Был серый, туманный сентябрьский день, дождь смочил могильные камни, на кладбище царили бескрайняя чистота, бескрайняя печаль и ощущалась вечность.
В этот серый, туманный сентябрьский день я узнал их, как только увидел.
Вернее, я сначала увидел их, сердце мое вдруг заколотилось, и только после этого я узнал их, и все это длилось одно мгновение.
Через сорок лет я впервые видел их, но узнал каждого, всех шестерых; эти пожилые люди с поседевшими и поредевшими волосами, с морщинистыми лицами были ОНИ: это был Джафар, это был Адыль, это был Абдулали, это был Годжа, это был Джебраил, это был Агарагим.
Все шестеро стояли вокруг могилы, покрытой черной мраморной плитой, ни один не произнес ни слова, все шестеро устремили взгляды на черное мраморное надгробие, все шестеро стояли выпрямившись; и то, что Джафар, Адыль, Абдулали, Годжа, Джебраил, Агарагим стояли вот так, лицом к лицу с черным мраморным надгробным камнем, прямая осанка всех шестерых, то, что все шестеро в полном молчании смотрели на черный мраморный камень,- как будто вносило в кладбищенскую печаль серого, туманного сентябрьского дня какую-то неизъяснимую светлую надежду, и мне на мгновение показалось, что суровое безмолвие шестерых мужчин, их верность и почтение к черному мраморному камню пробудили какую-то безумную надежду у всех намоченных дождем надгробных камней на кладбище - и новых, и старых, и богатых, и бедных.

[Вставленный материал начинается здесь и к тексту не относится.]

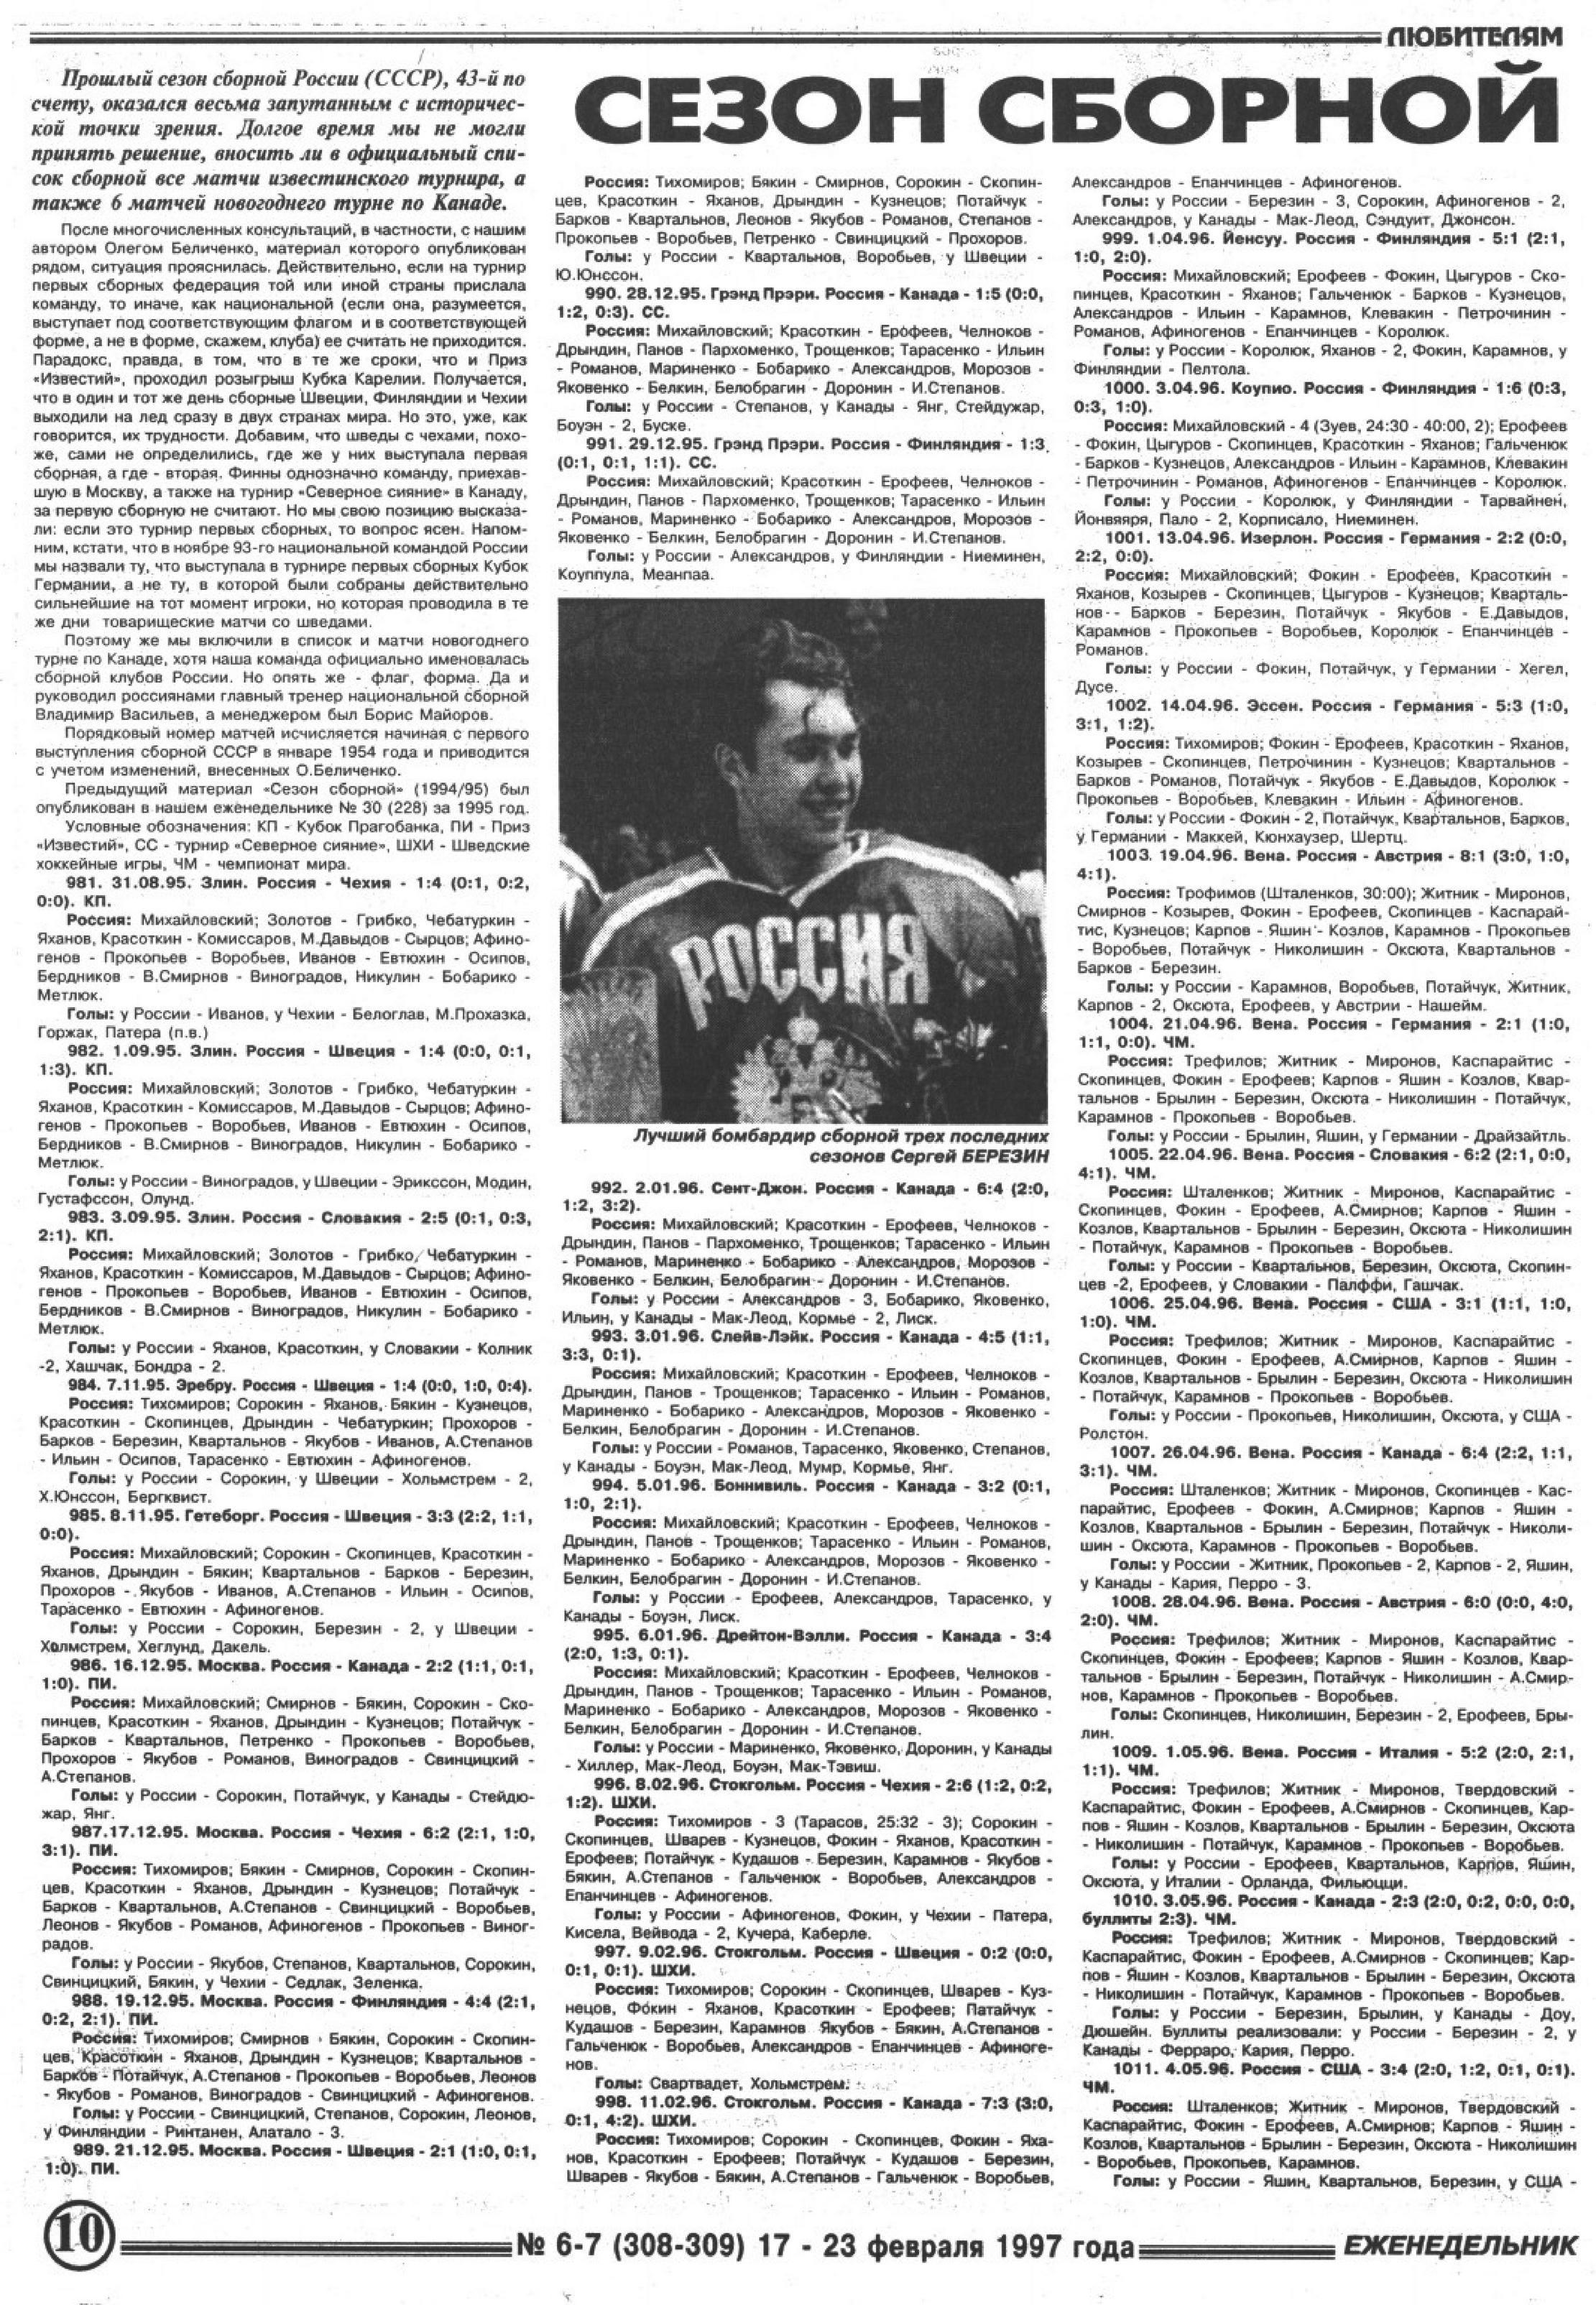 Сезон сборной 95-96(1).jpg

Я уже больше двух лет один раз в неделю, иногда один раз в две недели ходил по этой тропинке на свою могилу ( можно ли так сказать? Но почему нельзя, если мы говорим: "мой сын", "моя мама", почему же нельзя сказать "моя могила"? Это, разумеется, не значит, что ты сам должен находиться в ней...), но только теперь, когда я, задержавшись на тропинке, поглядел на шестерых прямо стоящих пожилых мужчин, мне показалось, что, в сущности, всегда, проходя мимо, я чувствовал на себе взгляд этого черного мраморного могильного камня...
...Балакерим, сидя под раздвоенным тутовым деревом на тротуаре, рассказывал, бывало, о взгляде больших черных глаз Белого Верблюда, о взорах Белого Верблюда...
...Стоя на тропинке, я смотрел на Джафара, Адыля, Абдулали, Годжу, Джебраила, Агарагима.
Постаревший Джафар, постаревший Адыль, постаревший Абдулали, постаревший Годжа, постаревший Джебраил, постаревший Агарагим в совершенном молчании стояли лицом к лицу с черным мраморным могильным камнем.
Внезапно мне послышался звук свирели Балакерима, и я узнал это место, вернее, нынешний облик этого места словно исчез, и перед моими глазами в нынешнем бесцветье, в мутной серости ожило прошлое этого места: рядом с этой могилой, с ее черным мраморным надгробием, я опять, как сорок лет назад, сидел лицом к лицу с Балакеримом; Балакерим вынул из кармана своего желтого пиджака свирель, и в тот жаркий, как летом, осенний день на кладбище зазвучала самая печальная в мире мелодия...
Тогда черного мраморного могильного камня не было...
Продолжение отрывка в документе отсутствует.